There are two logging modes: CLI and cron mode. In the CLI mode it always logs to the CLI and tries to add nice colors, etc. In the cron-mode it will log to the the log files and can also log to the messages inbox in the admin panel.

Calling importer in your code

This is pretty easy to do:

protected function _importCustomers($memberIds) {
    Mage::getModel('ho_import/import')
        ->setProfile('postbeeld_customers')
        ->setSourceOptions(array('member_id' => implode(',', $memberIds)))
        ->process();

    Mage::helper('ho_import/log')->done();
    return $this;
}

File logging

Every import run by the cron is saved in var/ho_import.log.

Admin Panel notification

Sometimes you want to put a message in the Admin panel if an error pops up. By default the system only creates an admin panel message if there is a warning.

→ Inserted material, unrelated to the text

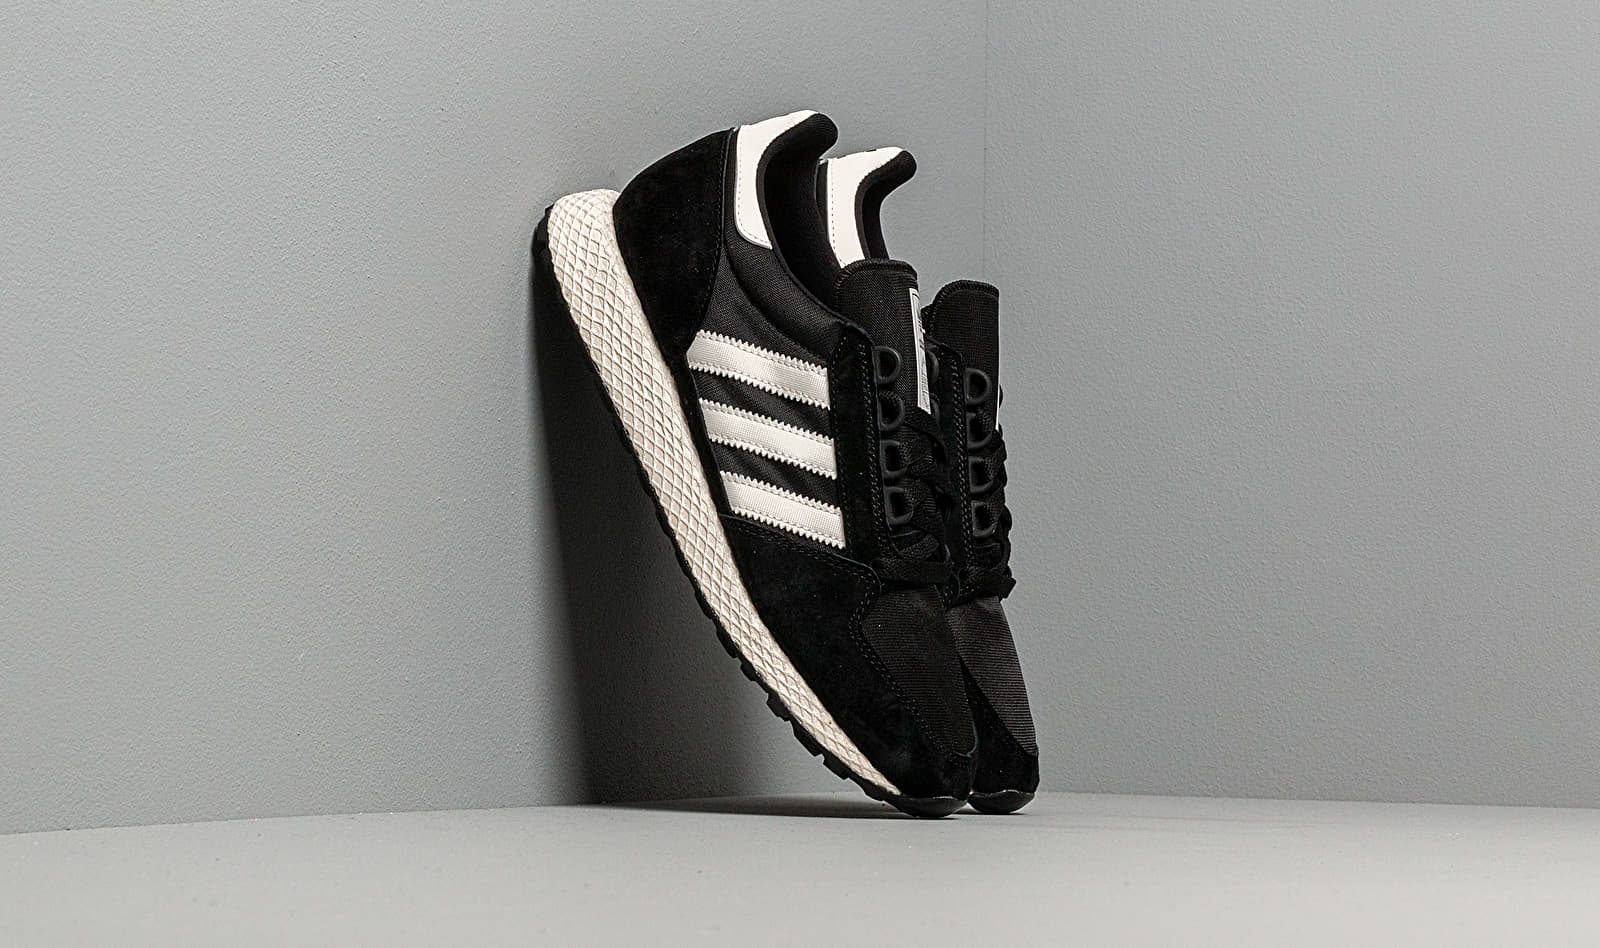 adidas Forest Grove Core Black/ Cloud White/ Core White EE5834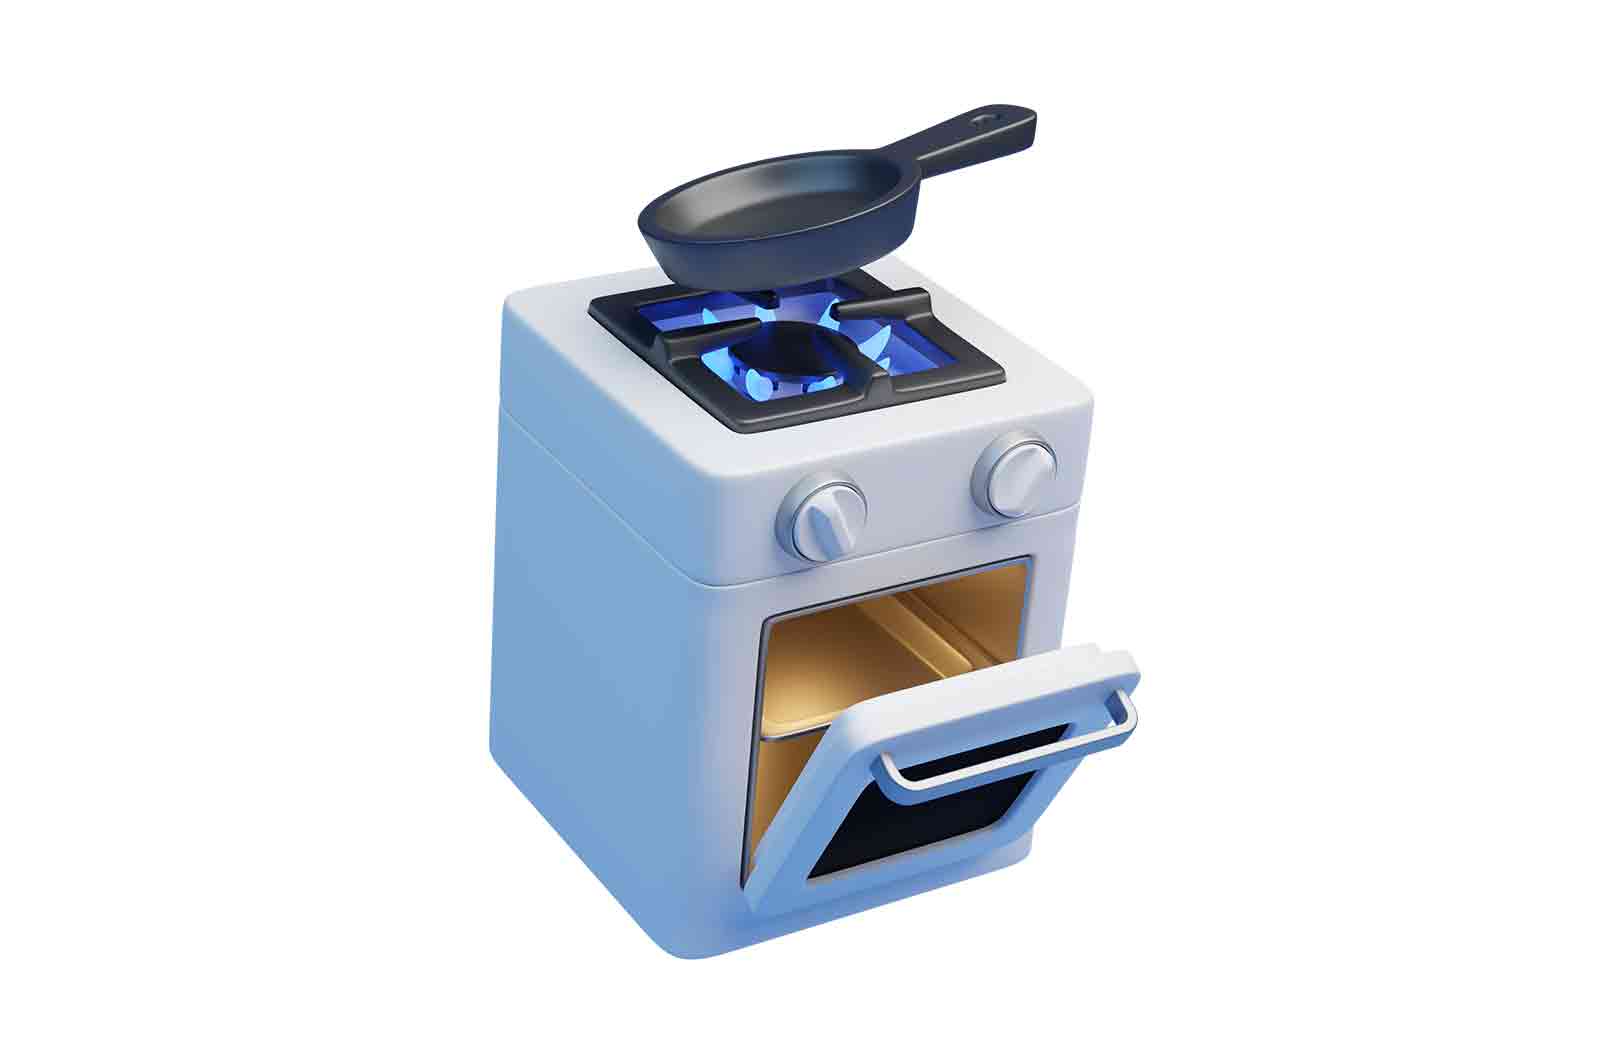 Modern gas stove with blue flame 3d rendered illustration. Stove with open oven. Kitchen equipment or appliance for cooking food

EMERG   = 0;  // Emergency: system is unusable
ALERT   = 1;  // Alert: action must be taken immediately
CRIT    = 2;  // Critical: critical conditions
ERR     = 3;  // Error: error conditions
WARN    = 4;  // Warning: warning conditions
NOTICE  = 5;  // Notice: normal but significant condition
INFO    = 6;  // Informational: informational messages
DEBUG   = 7;  // Debug: debug messages
SUCCESS = 8;  // Success: When everything is going well.

Place these config values in <config><global><ho_import><my_import_name> to change the level when and admin panel message will be added.

<log_level>6</log_level>

Use cases

At the time of release we have this tool running for multiple clients, multiple types of imports:

Performance

We don't have actual benchmarks at the moment, but the time spend fieldmapping is an order of magnitude faster than the actual import its self.

License

OSL - Open Software Licence 3.0

Support

If you need help with the module, create an issue in the GitHub issue tracker.

Author

The module is written by Paul Hachmang (twitter: @paales, email: paul@reachdigital.nl) build for Reach Digital, we make Magento Webshops (website: https://www.reachdigital.nl/, email: info@reachdigital.nl, twitter: @ho_nl).

Why build it and open source it?

After having build multiple product, category and customer imports I was never really satisfied with the available projects. After implementing a project with bare code we came to the conclusion that it was pretty difficult to create an import, make sure al the fields are correctly set for Magento to accept them, the development iteration was to slow, etc.

After building this we think we made a pretty good module that has value for a lot of Magento developers, so releasing it open source was natural. And with the combined effort of other developers, we can improve it even further, fix bugs, add new features etc.